Лиля оставляет дочь одну и, схватив термос, исчезает в кухне. Алинка улыбается мне, показывая милые редкие зубики. Потом она принимается размахивать ложкой, как саблей. Брызги йогурта летят во все стороны.

– Алинка! Не балуйся! – строго говорит девочке Лиля, возвращаясь в столовую с потяжелевшим термосом. – Вот сделаю тебе а-та-та!

В ответ Алинка звонко смеется. У нее всегда хорошее настроение.

Лиля тоже улыбается.

– С завтрашнего дня начну водить Алинку в детский сад. Ничего с ней не успеваю! Сейчас весна – начало туристического сезона. Посетителей с каждым днём всё больше, да ещё эта выставка. Голова кругом идёт!

Я знаю, что детский сад недалеко. От соседней автобусной остановки к нему ведут большие следы босых ног, нарисованные яркой белой краской на тротуаре. Словно прошёл снежный человек. Следуя этим знакам, даже самые маленькие детки не заблудятся. Мне нравится такая забота о карапузах.

Забрав термос с кофе, я отправляюсь к себе. В коридоре звучат резкие голоса, стук молотков, гул и грохот, но в моей комнате тихо.
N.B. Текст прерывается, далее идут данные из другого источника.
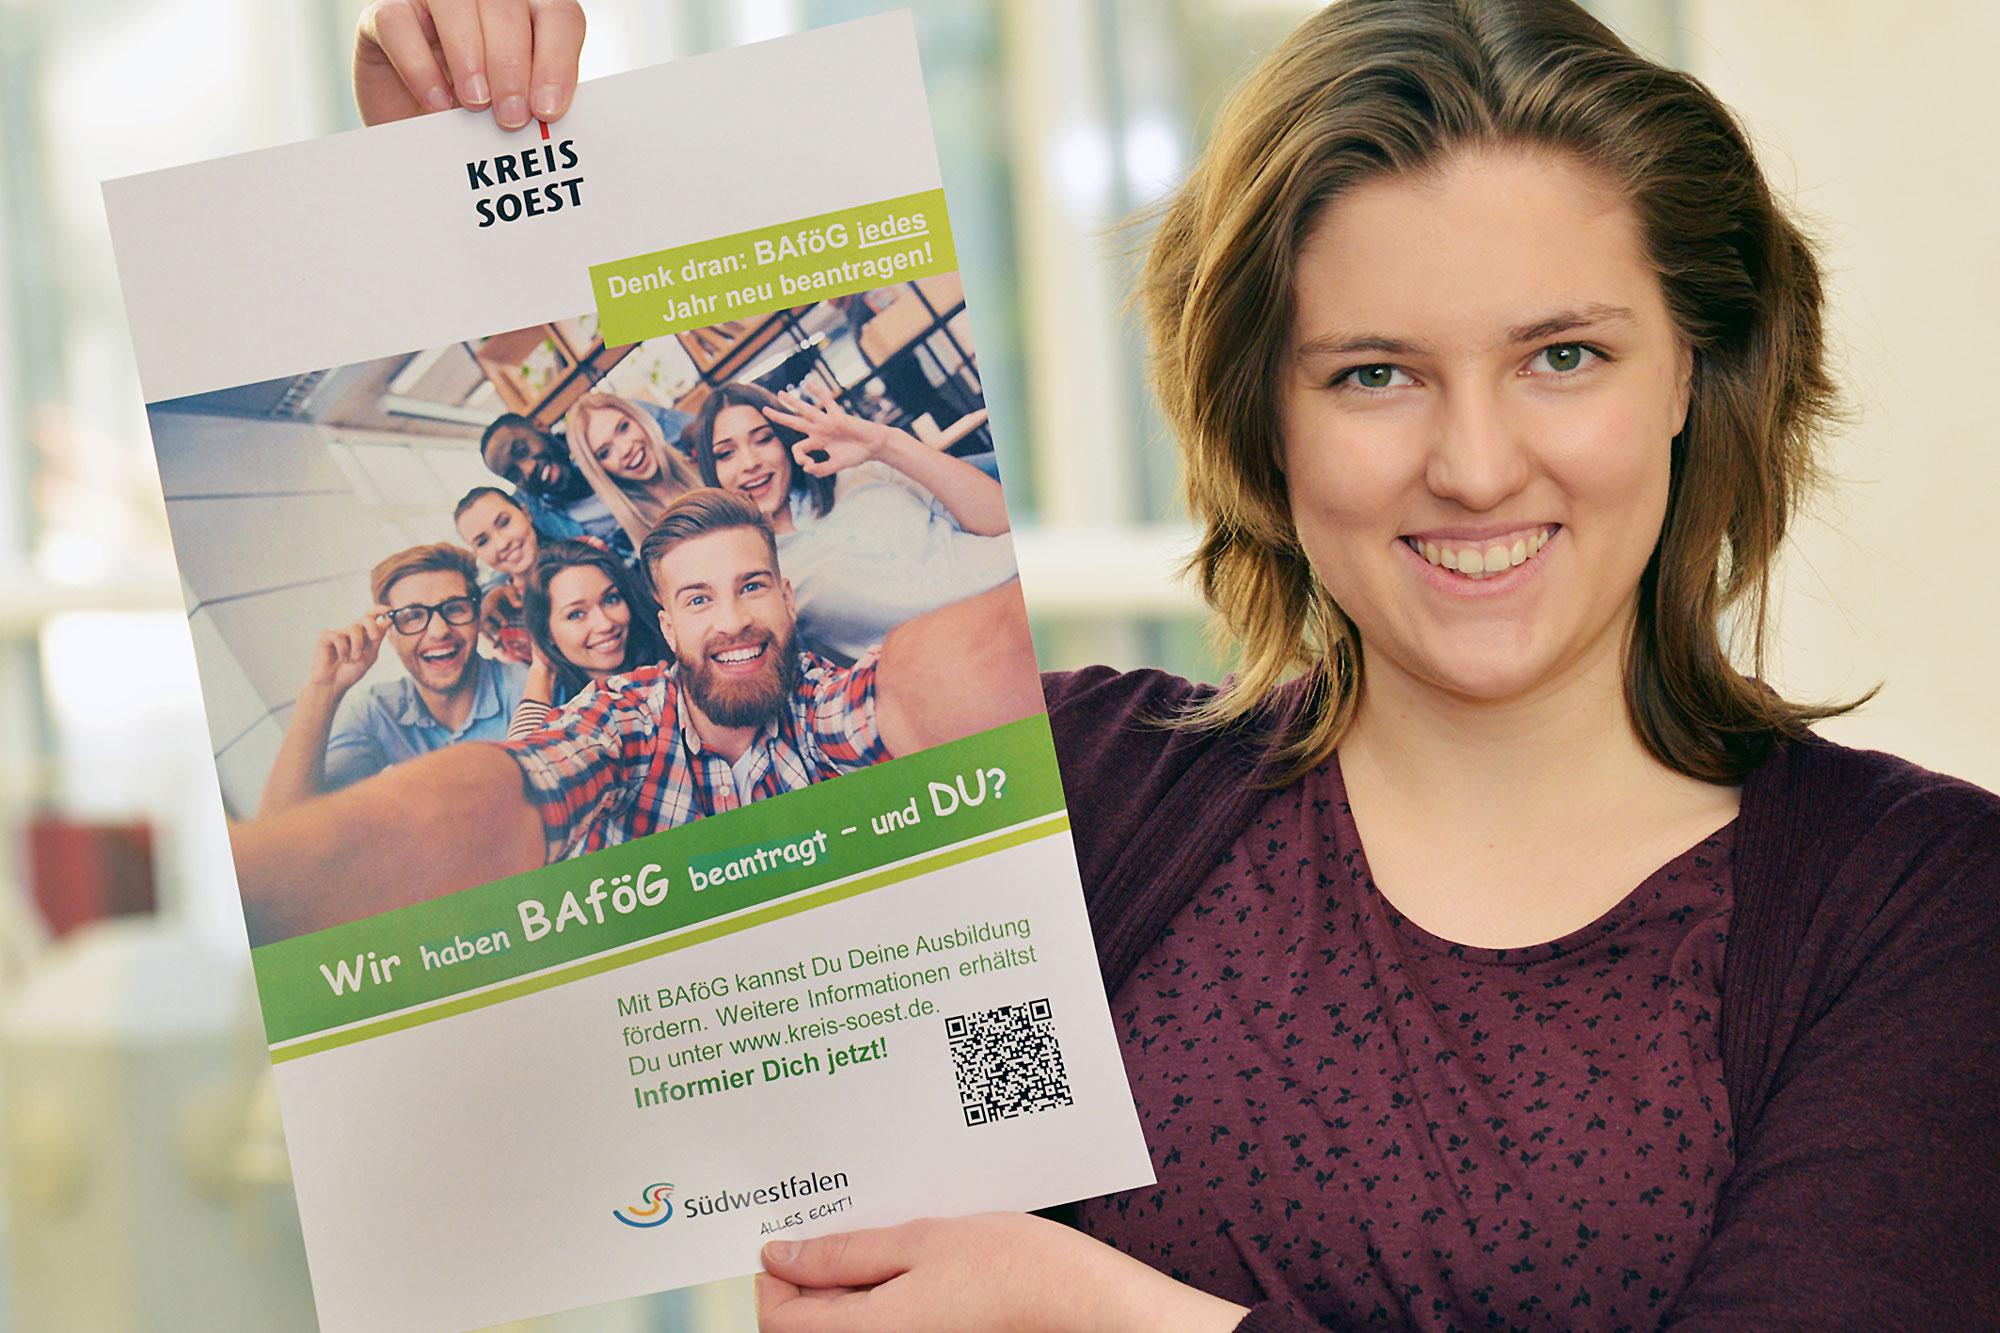 1.234 Anträge auf Schüler-BAföG gingen im vergangenen Jahr beim Kreis Soest ein. 940 wurden positiv beschieden. (Foto: Thomas Weinstock/ Kreis Soest)

Включаю обогреватель, сажусь к ноутбуку, проверяю электронную почту. Пока ничего нового. Жаль. Рассеянно барабаню пальцами по столу. На моём тайном языке это означает: «А не выпить ли мне таблетку?»

Что же, сказано – сделано. Опрометчиво запиваю лекарство горячим кофе. Фу, гадство! Обжёгся и едва не захлебнулся. Вот, не зря я не верю в силу таблеток!

Строго-настрого велю себе больше не отвлекаться, а целиком сосредоточиться на романе. До обеда можно и поработать. Один германский литературный критик как-то сказал, что есть два вида писателей: свиньи без таланта и свиньи с талантом. Я пока не определился, поэтому старательно пишу.

Лиля, поднявшись к открытому дверному люку в полу, зовёт меня обедать. Спускаюсь. В столовой опять никого нет.

– А где Эрих, Бахманы? – спрашиваю Лилю, хлопочущую у стола.

– Они занимаются делами, но вечером в столовой соберётся вся студия. Я хочу на ужин приготовить голубцы. Вы любите голубцы, Вадим?

Голубцы я люблю. Правда, идея ужина в обществе сумасшедших невольников мольберта мне не очень нравится. Слушать их пустой трёп про кисти и краски? Но действительность опять не предоставляет мне выбора. Однако, как же часто оказывается, что у нас нет выбора! С этой неутешительной мыслью занимаю своё место и осторожно пробую борщ. Он не горячий, но, обжёгшись на молоке – дуешь на воду. Эриха нет, поэтому некому угощать меня замковым вином. Рядом Лиля торопливо опустошает свою тарелку – её ждут туристы. Алинки не видно и не слышно да я про неё и не спрашиваю.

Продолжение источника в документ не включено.